Понимает, конечно. Понимает, что он не просто это все говорит, это прямая угроза, последнее китайское предупреждение.
- Так вот, дядя Кащей тебе даст один совет: не ебут – не рыпайся. Понимаешь?
Алиса кивает.
- Ну вот и чудненько. Плащ, - он запинается, - хуй с ним, с плащом, интеллигентным людям можно плащ простить. Но вот скорлупу больше с суперами не задевай, не то будем по-другому говорить. Ясно?
Алиса долго смотрит на него, вглядывается в карие радужки глаз и кивает. Это было предельно понятно. Еще один раз – и она себя будет по частям в Казани собирать.
- Ну иди теперь, пусть твой друг, - на слове «друг» он делает особый акцент, - тебя проводит. Только, чтобы без эксцессов, Сутулый, не подеритесь по пути, - смешливо бросает Кащей.
Алиса покачивается, когда поднимается из тахты. Голова кружится, как качели, которые кто-то оставил пустыми во дворе. Плохая примета это, когда без детей качели двигаются или колыбелька. Ее мутит, очень мутит. Алиса шипит от натуги и, кажется, она на секунду теряет равновесие. Кащей берет ее под руки, Турбо тоже напрягается, подставляя ладони под локти, Константин нарочито заботливо говорит «тихо, тихо», и передает, словно сахарную, Сутулому в руки.
- Держи свою красавицу, не теряй.
Алиса не смеется. Смотрит на Илью так, как человек потерявший надежду. Сутулин закидывает ей руку на плечо, выводя из каморки. Золотова видит кучу мужчин спортивной наружности и прижимается ближе к Илье. Он ободряюще подталкивает ее.
Когда они выходят из прокуренной качалки, Алиса долго ловит ртом воздух. На улице стемнело, мороз, холодно. Качалка эта на отшибе, ни зги не видно и страшно.
- Ты это, Аля…. – Илья мнется. – Аль, я не знал.

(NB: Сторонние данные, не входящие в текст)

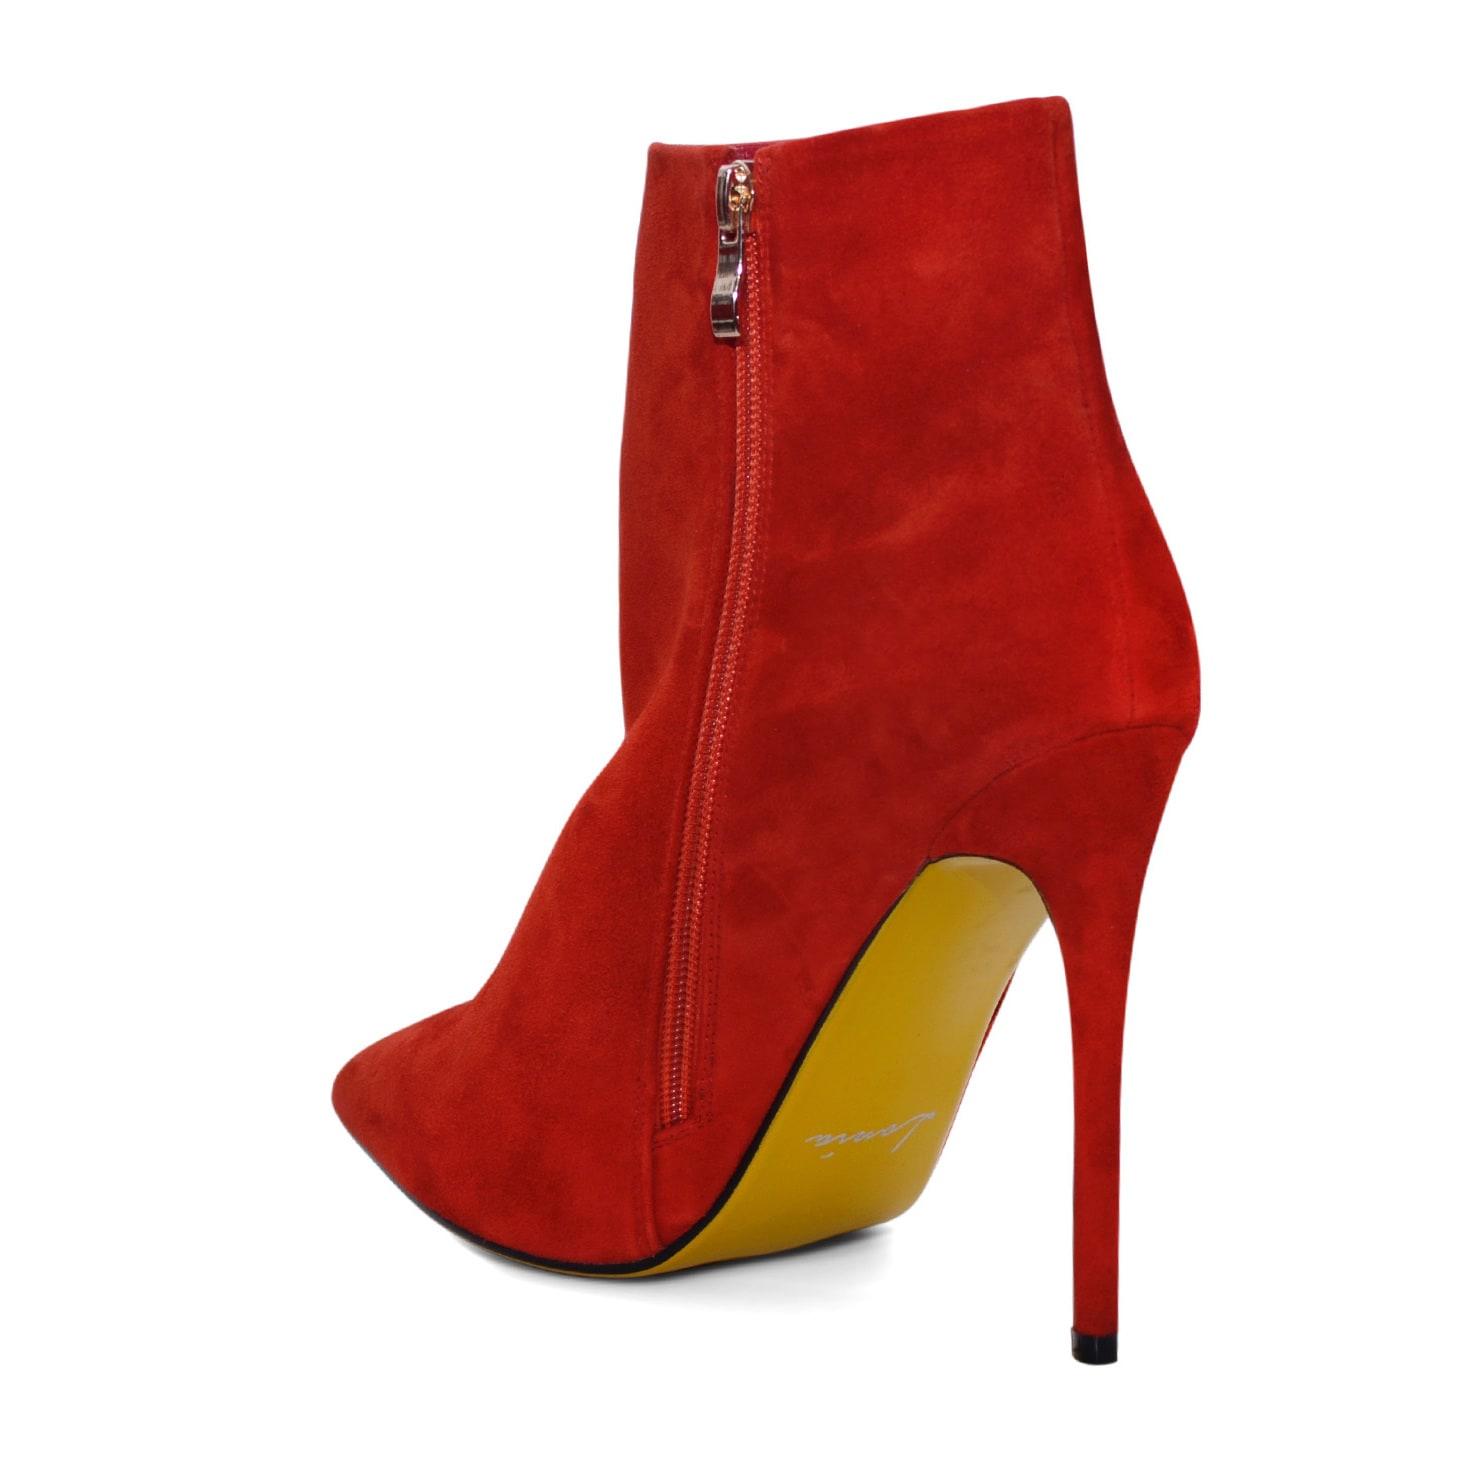 Midollo Scimmia È fortunato  Shop Lonia Merlow Burnt Orange Suede High-heel Ankle Boot - Overstock -  14413627

- Домой пошли, - хрипит она.
Руку Ильи игнорирует. Дороги слабо освещены фонарями, желтоватый оттенок лампочек расползается по асфальту нездоровой глазуньей. Где-то лают собаки, лай переливается в нагрудный вой на луну. Мороз пробирается под куртку, заставляет руки цепенеть. Тысячи окошек в захламленных хрущёвках оповещают о зародыше жизни в них: это люди вернулись из работы, уставшие, голодные и обозленные.
Повязка с головы сползает, голова болит, передвигать ногами тяжело, усталость накатывает прибойными волнами к горлу. Подъезд близко.
- Алис, - зовет Илья, но она не оборачивается.
- Потом поговорим, - совсем устало выдыхает.
Дома, дома, дома… Дома можно расползтись у коврика на четвереньки, распластать ноги в тоненьких сапожках, сидя на полу. Прижаться головой к двери, предварительно запереться на три замка. Будто это спасет, будто это скрасит темноту внутри. Темнота внутри она хуже, чем у окна, снаружи. Стол в кухне пустой, без скатерти, голый и совершенно нагой. На столе одна кружка.
Алиса плачет. Слезы затекают ей за шиворот куртки, расползаются каракатицей по щекам. Алиса рыдает, ведь никто не сможет прийти ей на помощь. Легкие стискивает спазмом.
Алиса плачет, смотря в пустоту, пустота здоровается с Алисой и отягощает ее.